Cam shot a glare at the taller boy. "Not on these I haven't." He snarled, grateful that it was dark enough to hide his pout as he looked back down. He wrinkled his nose when another breeze blew by. "God, it smells like ass up here."
"Mr. Garber has a few animal traps up the mountain. It's probably a deer carcass or something. Come on." Logan was already moving again.
They had been walking down the long winding driveway for nearly two hours. While riding their bikes home from football practice, the two high school sophomores caught a glimpse of a rusted Ford Pickup pulling onto the overgrown road that led up to Perrigrew Boulevard.
No one was allowed up there.
Even the Mayor steered clear of the deserted community.
"Dude, maybe we should just call the cops." Cameron groaned leaning forward as the climb became steeper. They had ditched their bikes about a mile back, given that they couldn't ride them all the way uphill.
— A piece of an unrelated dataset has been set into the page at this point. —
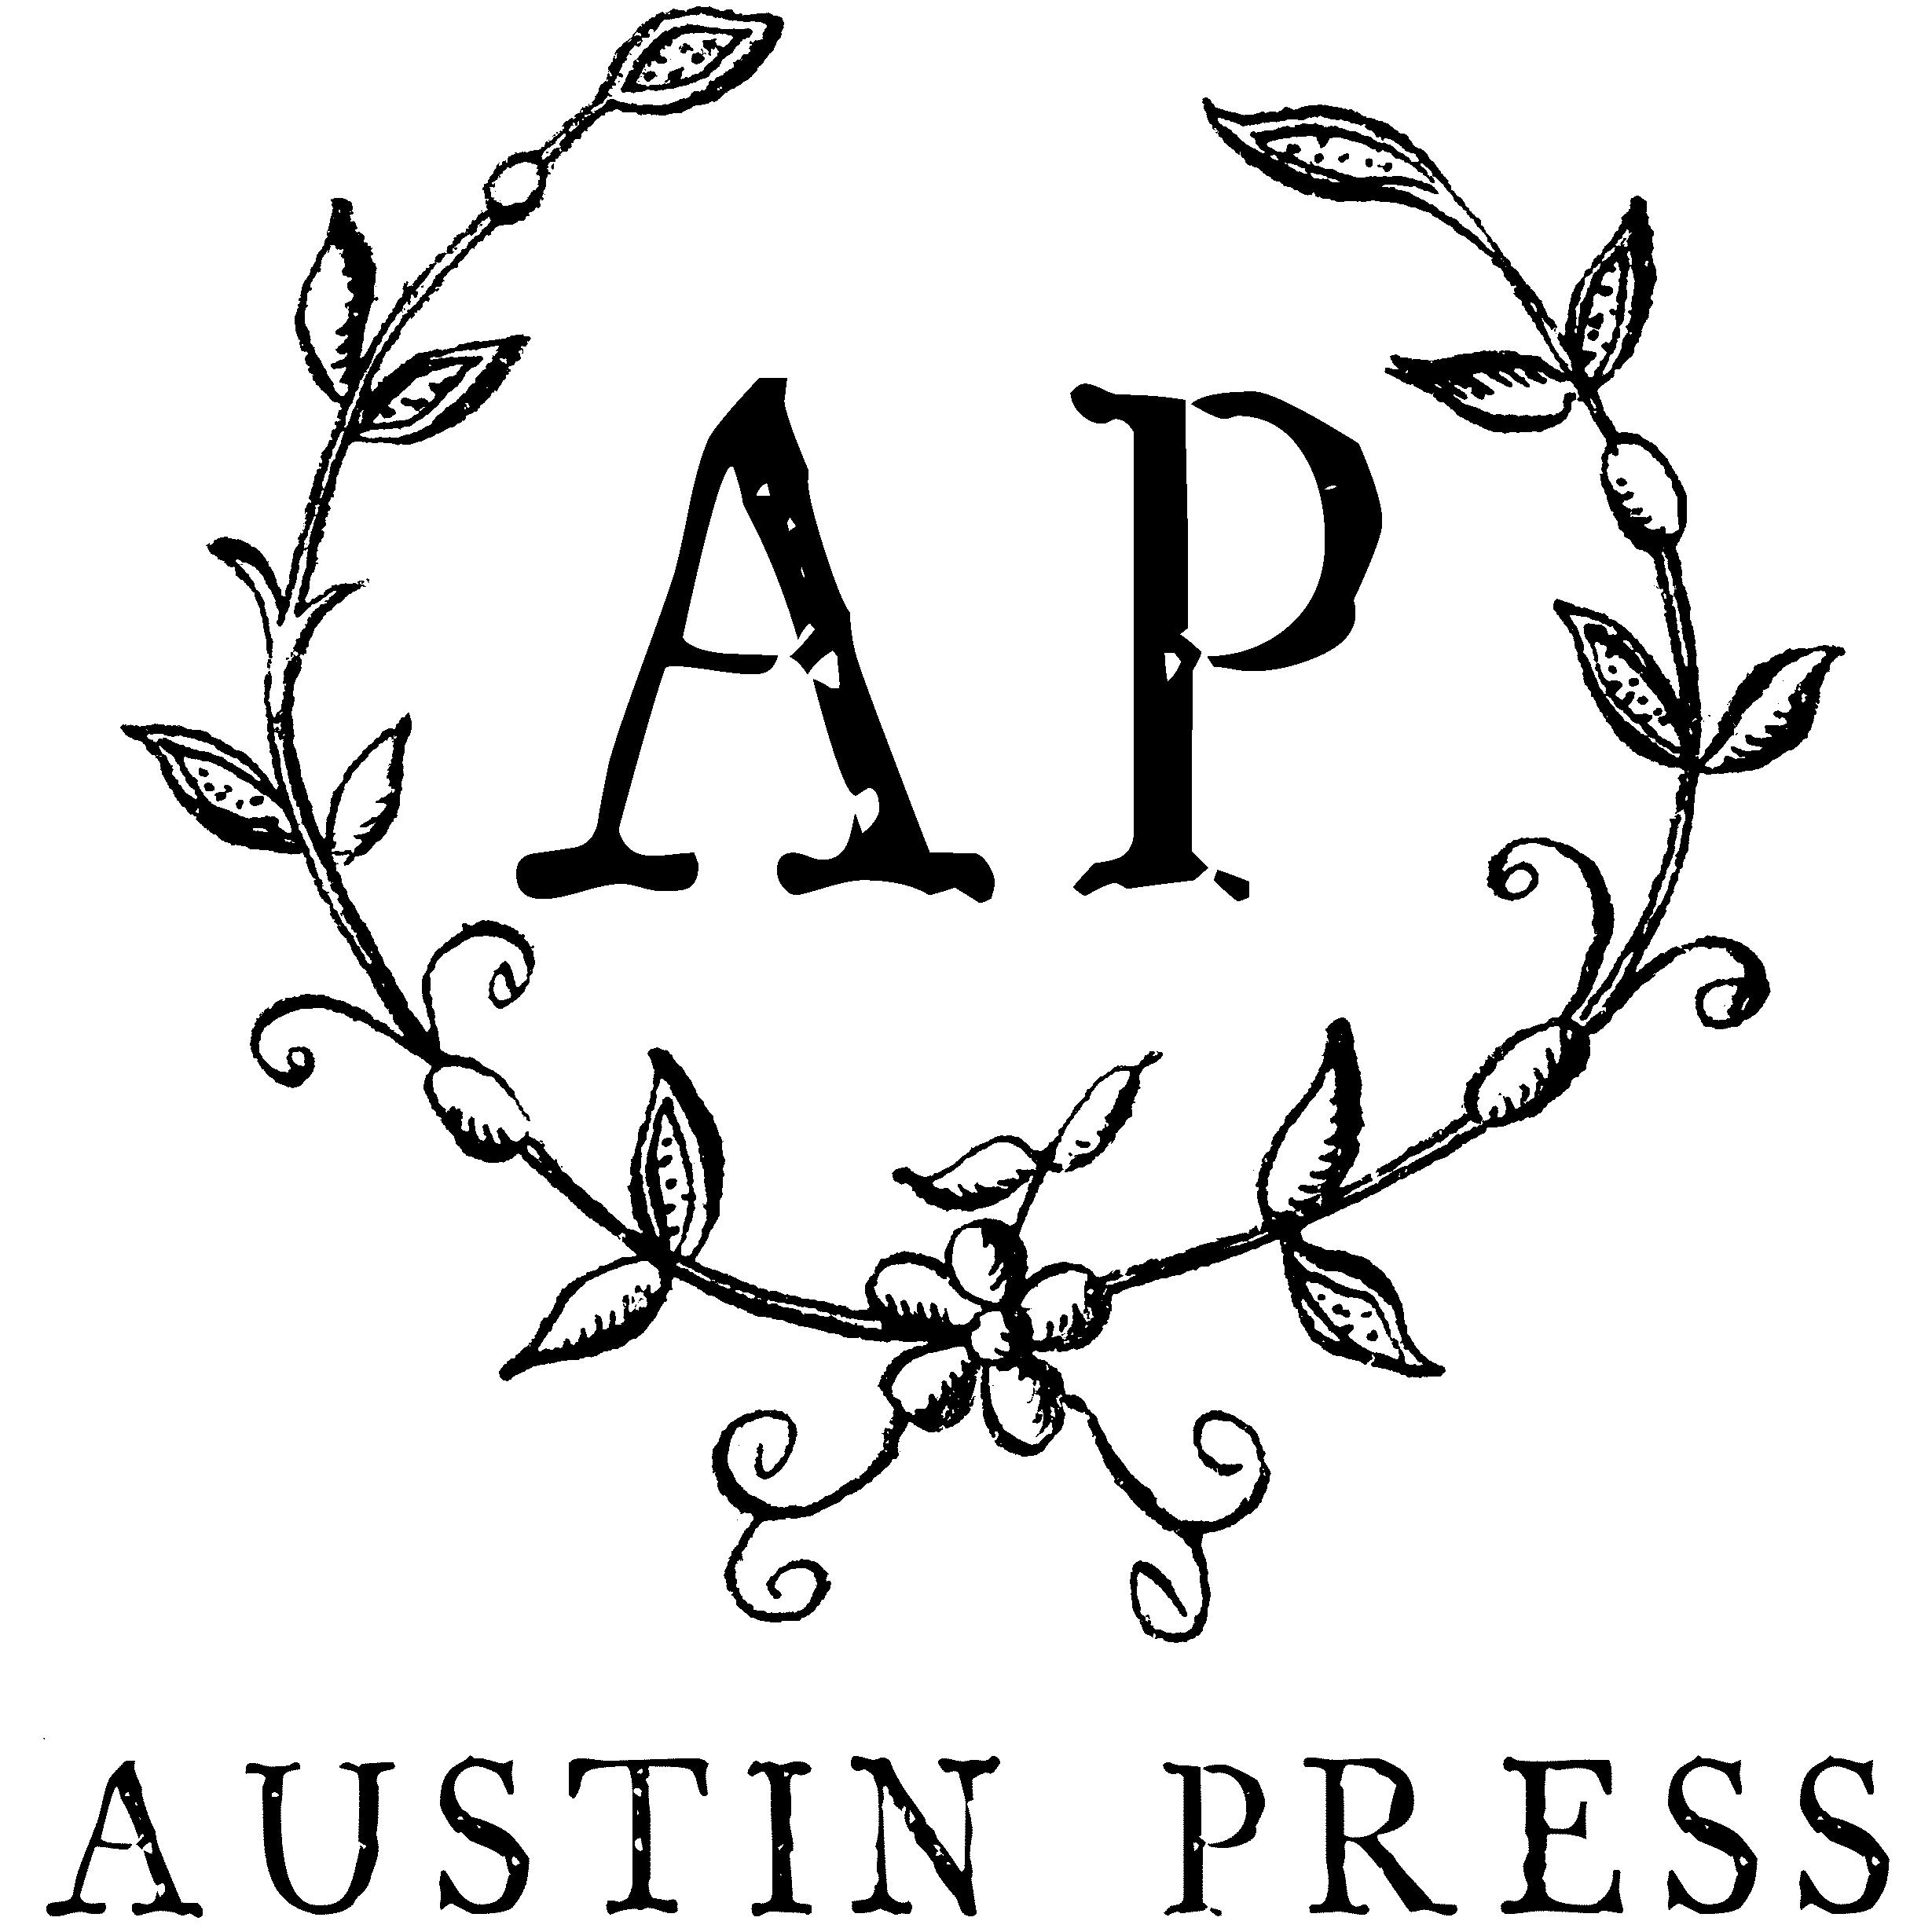 austin-press-logo.png

"No, that's a waste of time!" Logan chuckled snatching a loose rock up from the ground and tossing it back at his friend. "Besides, we're almost there! I can see the gate!"
Ahead against the dark blue sky, the cast iron fence that surrounded the once thriving community of Buxton's wealthiest. In the late 1950's, when the coal mines finally collapsed, the mansions in the large circle emptied out one-by-one until there was no one left. The trolley that took people in and out of town sat abandoned on the wire halfway down the hill, it's green and gold paint had long since chipped and faded.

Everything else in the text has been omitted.